Theoretical and Experimental Investigations into Crack Detection with BOTDR-Distributed Fiber Optic Sensors
Publication: Journal of Engineering Mechanics
Volume 139, Issue 12
Abstract
Development of a model for the analysis of strain transfer mechanism in Brillouin-based sensors with strain singularities is provided in this study. The main objective of the research pertained to the development of a method for accurate detection of cracks and their locations in sensing with Brillouin-based fiber optic distributed sensors. The work involved formulation of a shear lag–based model considering the elastic as well as elastoplastic stages of the fiber optic coating strains. Feasibility of the proposed approach is evaluated through an experimental program. The experimental program involved use of a Brillouin optical time domain reflectometer (BOTDR) for distributed measurement of strain and detection of simulated cracks in a 15-m-long beam.

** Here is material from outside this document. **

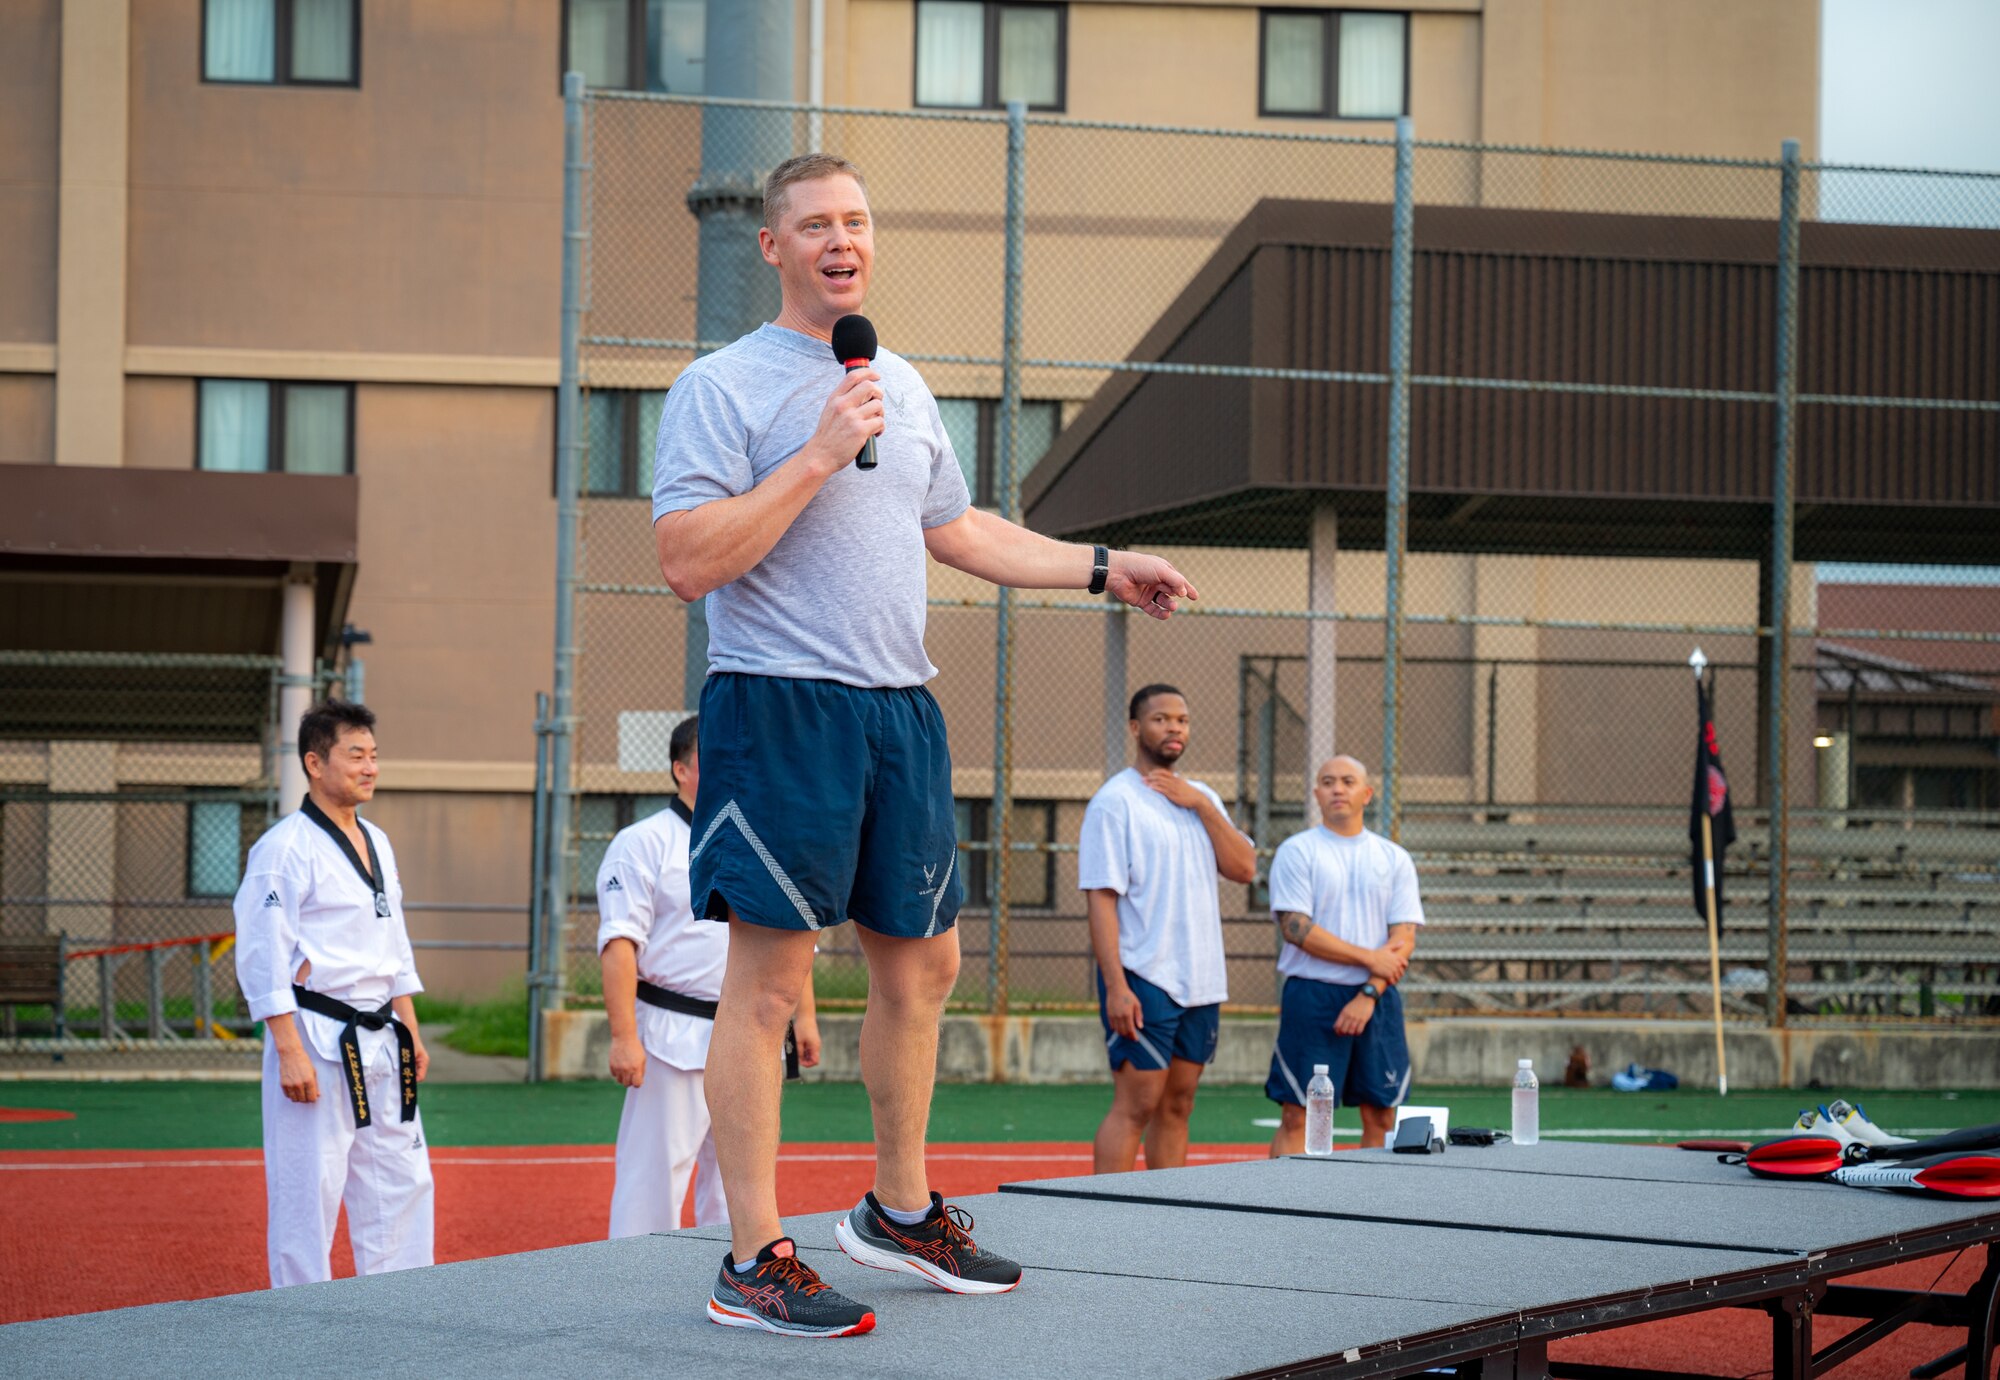 U.S. Air Force Col. Kyle Grygo, 51st Mission Support Group commander, offers words of empowerment to Airmen during a taekwondo training event at Osan Air Base, Republic of Korea, Aug. 25, 2023. Airmen remain agile and resilient when using innovative methods of physical fitness. (U.S. Air Force photo by Staff Sgt. Kelsea Caballero)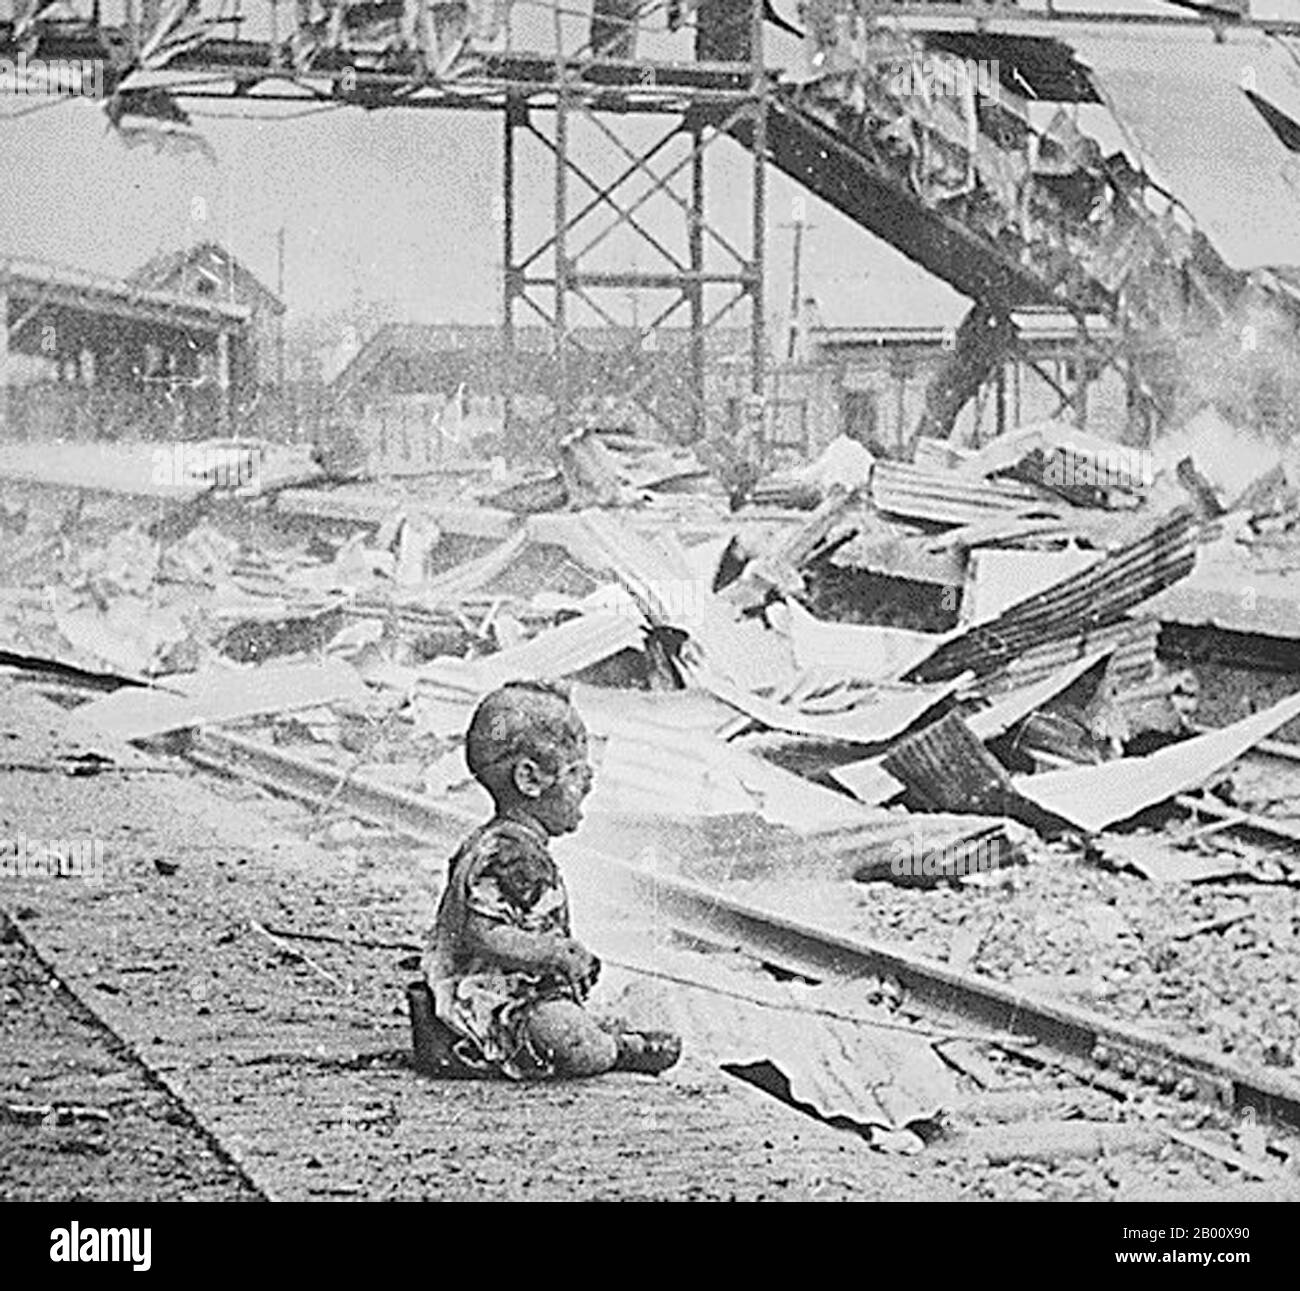 China: 'Bloody Saturday'. A terrified Chinese baby, one of the last humans left alive after intense bombing during the Japanese attack on Shanghai's South Station. August 1937.  The Second Sino-Japanese War (July 7, 1937 – September 9, 1945) was a military conflict fought primarily between the Republic of China and the Empire of Japan. After the Japanese attack on Pearl Harbor, the war merged into the greater conflict of World War II as a major front of what is broadly known as the Pacific War. Although the two countries had fought intermittently since 1931, total war started in 1937. Stock Photo

The results indicate that the discontinuities in the strain distribution based on the theoretical analysis provide the means to accurately pinpoint the location of simulated cracks. On the other hand, the distortion effect of the BOTDR system due to averaging of the strains over the spatial resolution of the system masked the influence of strain discontinuities. In contrast to the strains acquired through the averaging process in BOTDR, the theoretical computations pertain to the actual distribution of strain along the length of the beam. Optomechanical relationships were also used to simulate the effect of spatial resolution on the theoretical results. The apparent strains obtained in this way were compared with the BOTDR measured values. Because of the measurement noise, the apparent strains based on the theoretical computations provided better information about the location of the cracks.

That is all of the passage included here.